Stripped of its prejudice requirement, the Eighth Circuit‘s current waiver inquiry would focus on Sundance‘s conduct. Did Sundance, as the rest of the Eighth Circuit‘s test asks, knowingly relinquish the right to arbitrate by acting inconsistently with that right? See supra, at 415. On remand, the Court of Appeals may resolve that question, or (as indicated above) determine that a different procedural framework (such as forfeiture) is appropriate. See supra, at 416. Our sole holding today is that it may not make up a new procedural rule based on the FAA‘s “policy favoring arbitration.”
* * *
For the reasons stated, we vacate the judgment of the Court of Appeals and remand the case for further proceedings consistent with this opinion.
It is so ordered.
Reporter’s Note
The attached opinion has been revised to reflect the usual publication and citation style of the United States Reports. The revised pagination makes available the official United States Reports citation in advance of publication. The syllabus has been prepared by the Reporter of Decisions for the convenience of the reader and constitutes no part of the opinion of the Court. A list of counsel who argued or filed briefs in this case, and who were members of the bar of this Court at the time this case was argued, has been inserted following the syllabus. Other revisions may include adjustments to formatting, captions, citation form, and any errant punctuation. The following additional edits were made:
None
Notes
Briefs of amici curiae urging affirmance were filed for the Chamber of Commerce of the United States of America by Zachary D. Tripp, Daryl Joseffer, and Paul Lettow; for the Restaurant Law Center by Todd Lundell and Karin Dougan Vogel; and for the Washington Legal Foundation by John M. Masslon II and Cory L. Andrews.

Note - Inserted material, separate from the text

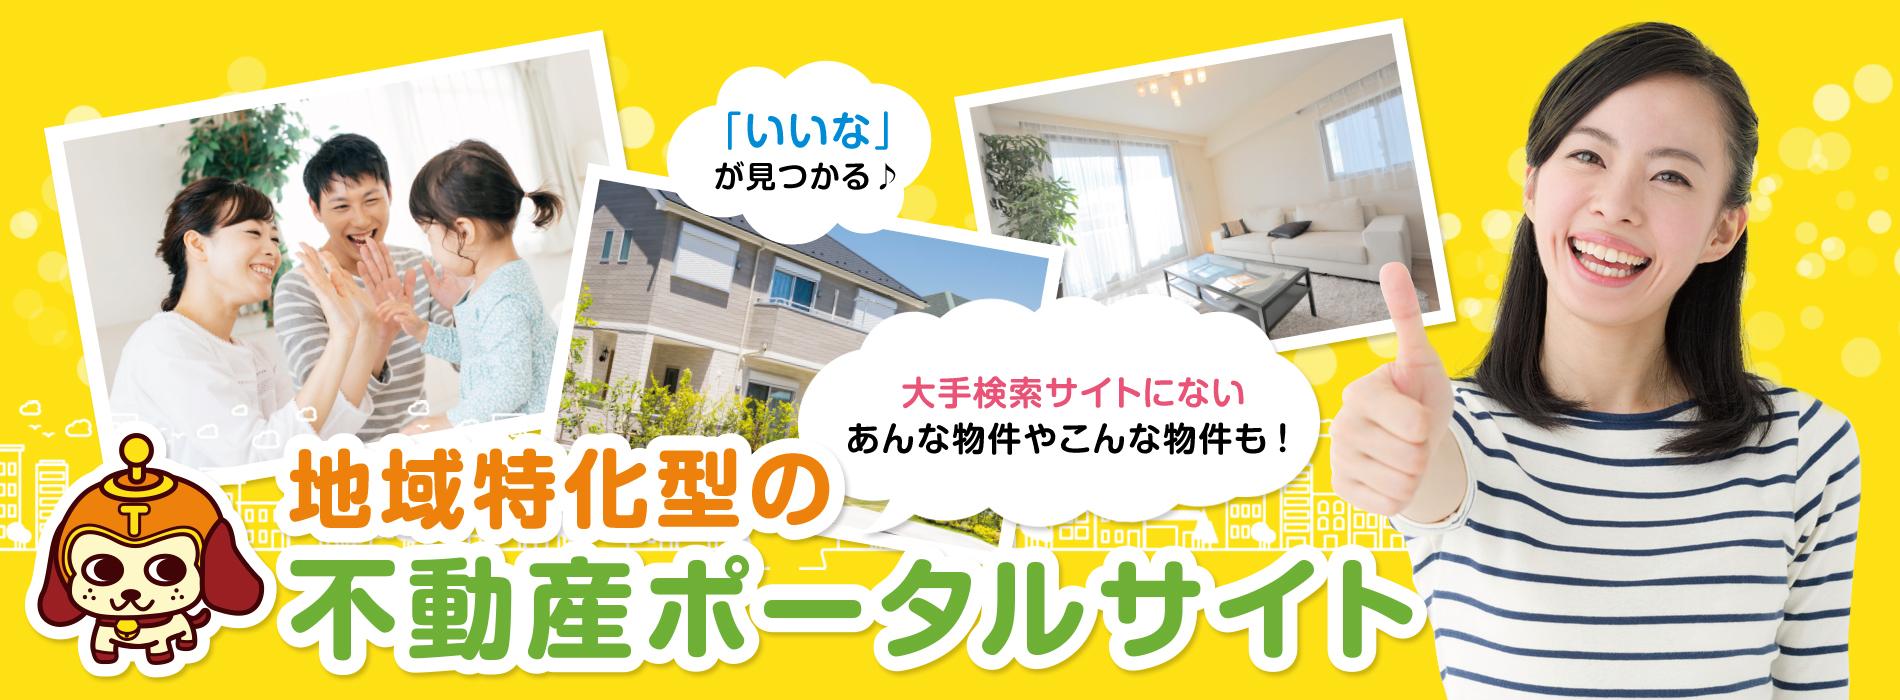 弊社は横浜市青葉区のUR賃貸住宅を紹介しております。

A brief of amici curiae was filed for the State of Minnesota et al. by Keith Ellison, Attorney General of Minnesota, Liz Kramer, Solicitor General, Michael P. Goodwin, Assistant Attorney General, and Henry Allen Blair, Special Assistant Attorney General, by Brian E. Frosh, Attorney General of Maryland, Steven M. Sullivan, Solicitor General, and Adam D. Snyder, Assistant Attorney General, by Andrew J. Bruck, Acting Attorney General of New Jersey, and by the Attorneys General for their respective jurisdictions as follows: Treg R. Taylor of Alaska, Phil Weiser of Colorado, Kathleen Jennings of Delaware, Karl A. Racine of the District of Columbia, Lawrence G. Wasden of Idaho, Kwame Raoul of Illinois, Tom Miller of Iowa, Aaron M. Frey of Maine, Maura Healey of Massachusetts, Letitia James of New York, Josh Stein of North Carolina, Ellen F. Rosenblum of Oregon, Peter F. Neronha of Rhode Island, Thomas J. Donovan, Jr., of Vermont, Mark R. Herring of Virginia, and Robert W. Ferguson of Washington.